Pérégrinations devant l’AESA

La DG Environnement demandait un avis de l’AESA « le plus tôt possible ». Pour pouvoir répondre fin avril, l’AESA demandait la liste exhaustive des études citées dans l’avis du CPHA et la réponse argumentée des autorités françaises à la réaction de Monsanto sur cette décision. Le 12 juin, les autorités françaises envoyaient un rapport signé par le Pr. Yvon Le Maho. Mais une note accompagnatrice jetait le trouble à l’AESA quant au caractère officiel du document reçu, car elle indiquait que le rapport « n’engage[ait] ni le CPHA ni les autorités françaises ». Doute que levait la DG Environnement le 25 juillet car, selon elle, pour répondre aux demandes de l’AESA, la France a « sollicité l’appui d’un groupe d’experts scientifiques, coordonné par Yvon Le Maho ».
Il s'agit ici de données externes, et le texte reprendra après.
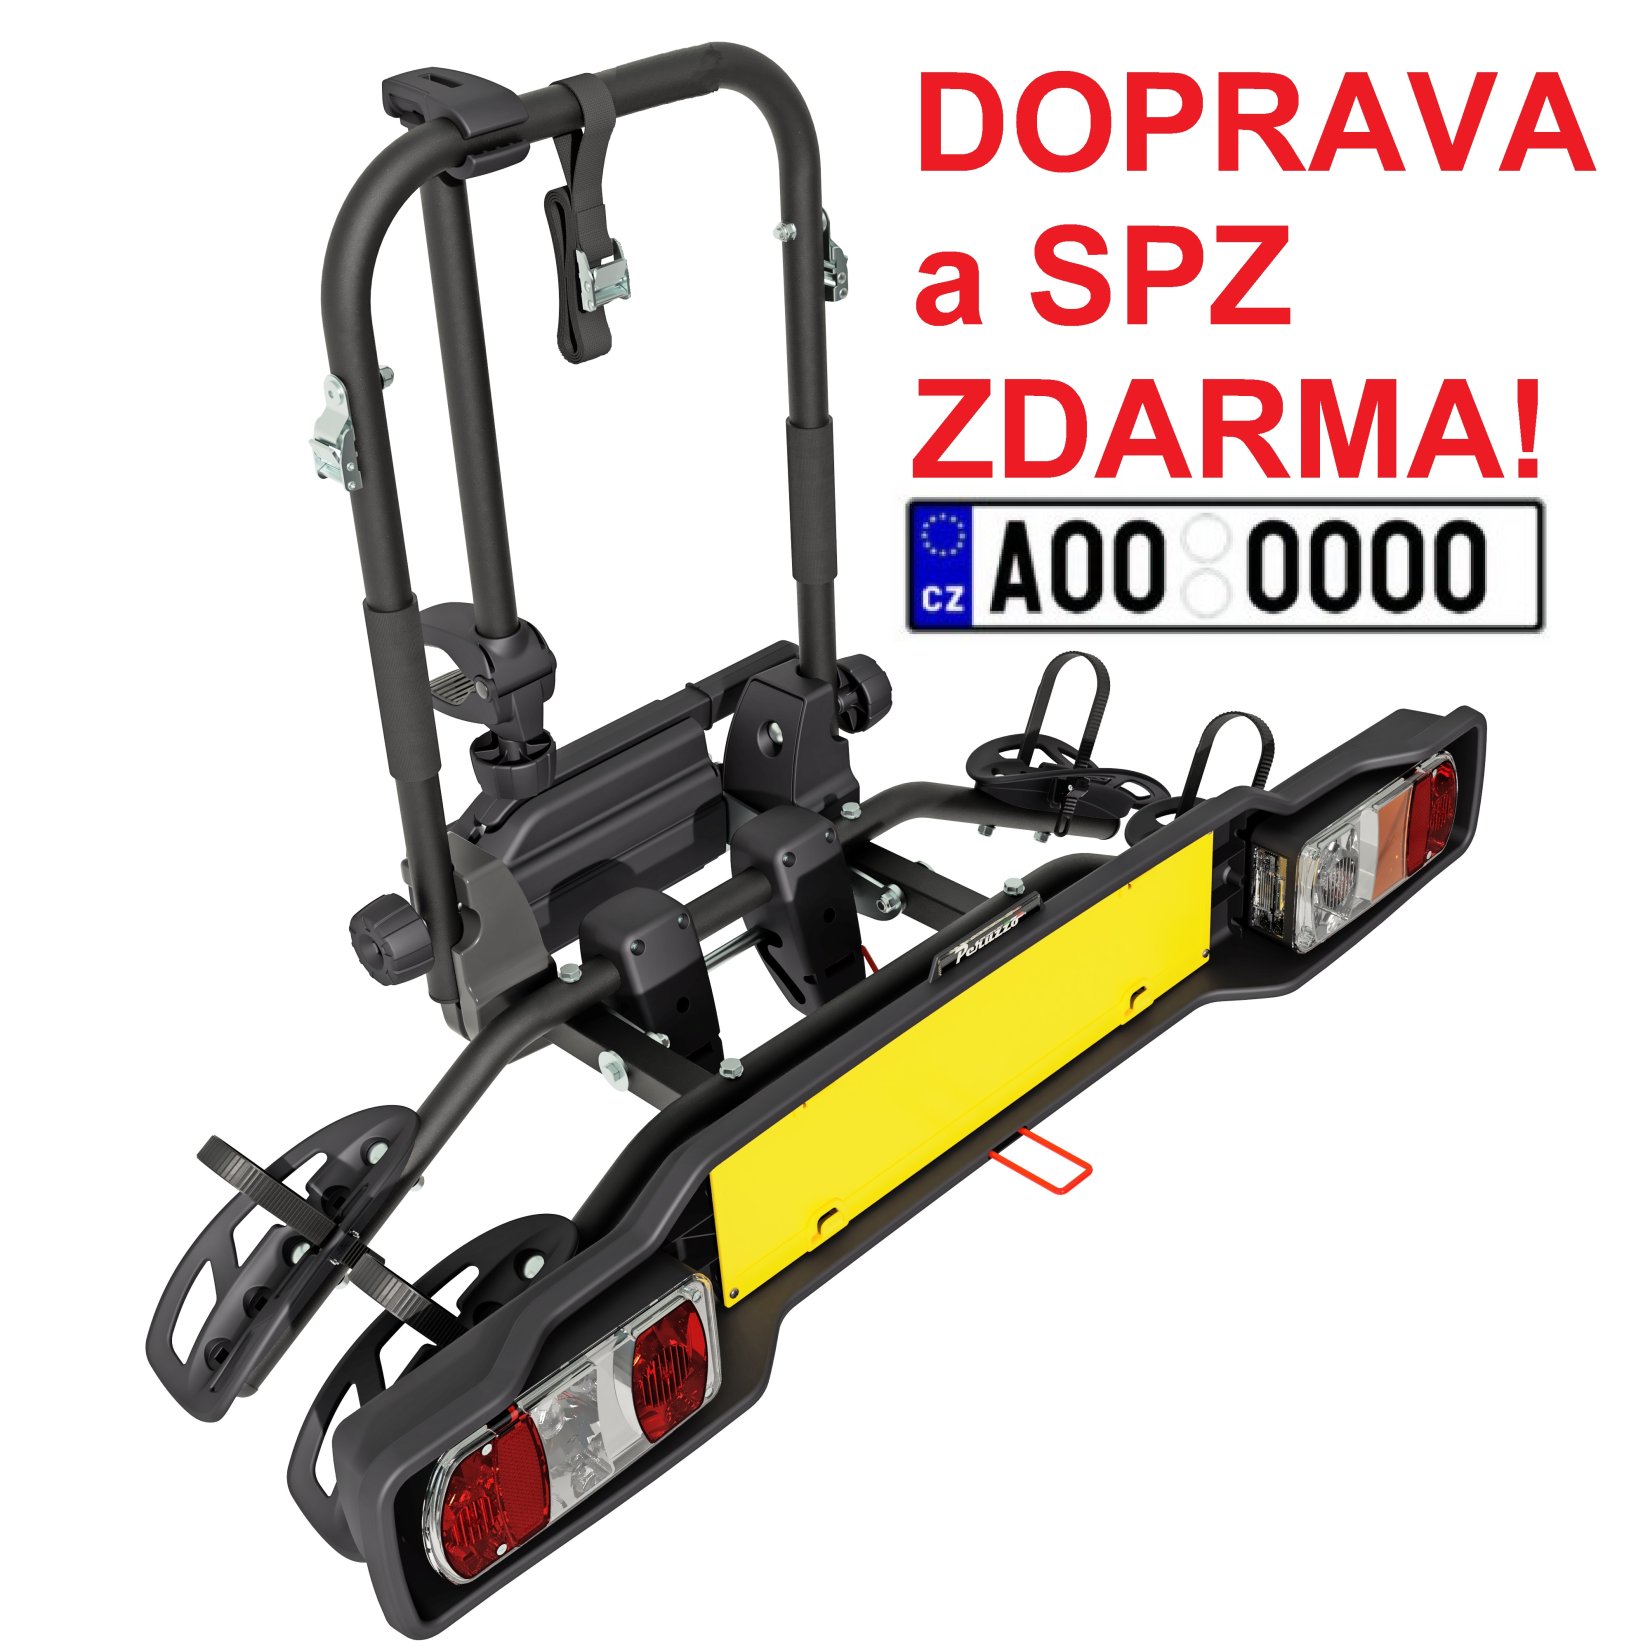 Nosič kol Peruzzo Parma 2 (černá) na tažné zařízení DOPRAVA A SPZ ZDARMA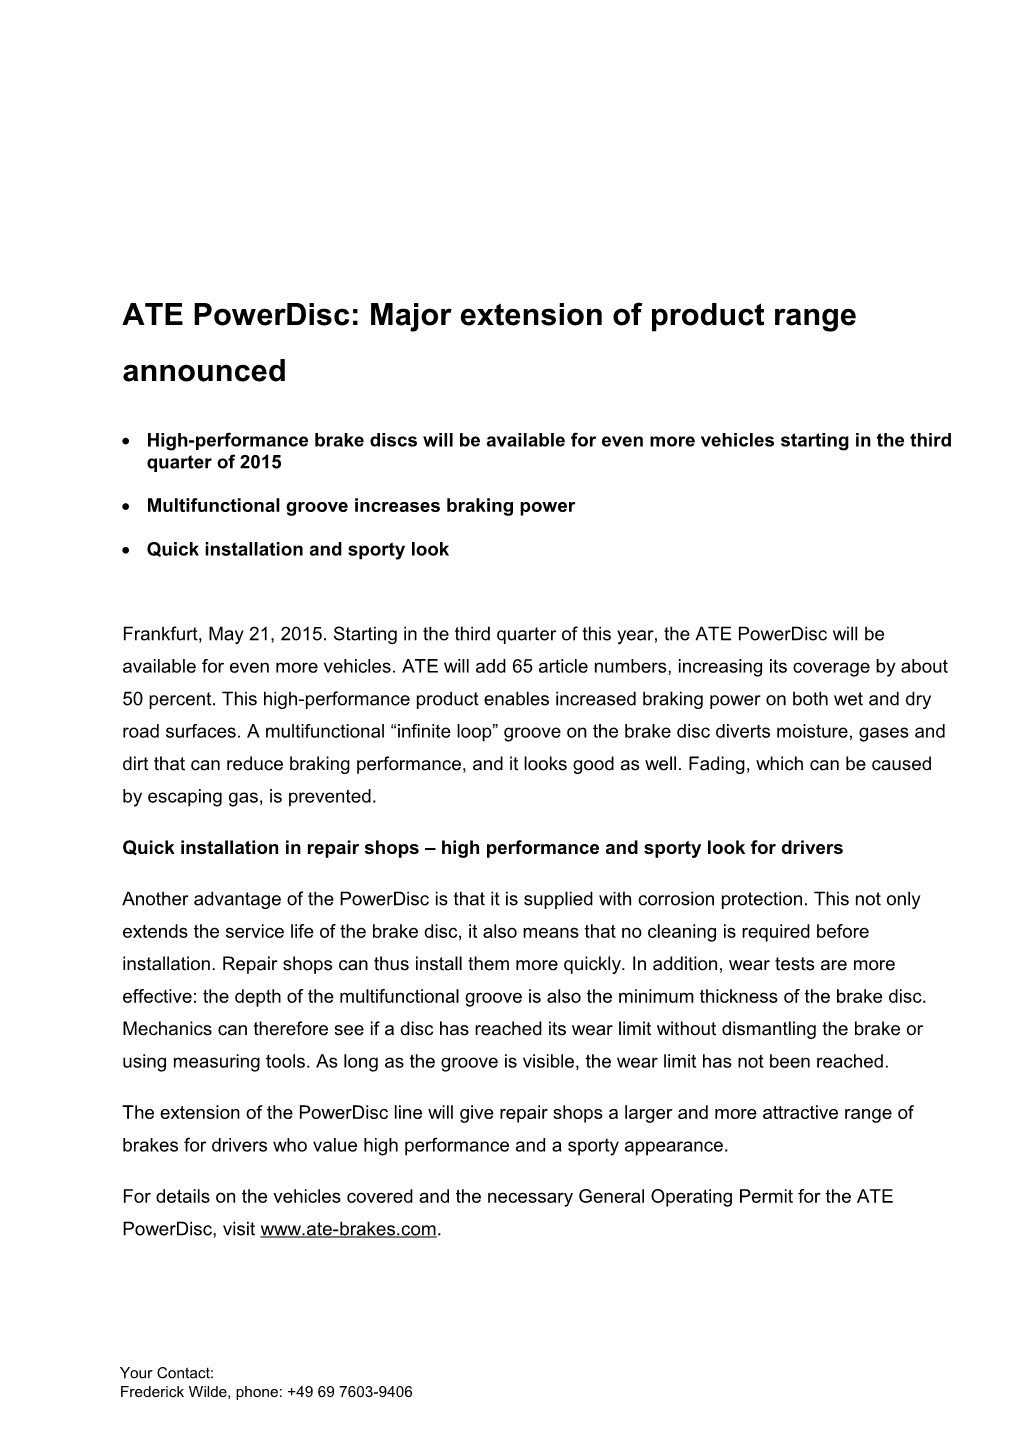 ATE Powerdisc: Major Extension of Product Range Announced

Par ailleurs, la DG souligne que le rapport stipule clairement avoir été rédigé sur demande des autorités françaises, qu’Yvon Le Maho était membre du CPHA et enfin, qu’il est le contact désigné pour toute discussion avec l’AESA. Si la France a bien répondu aux demandes, elle ne semble en tout cas pas y avoir mis un empressement particulier.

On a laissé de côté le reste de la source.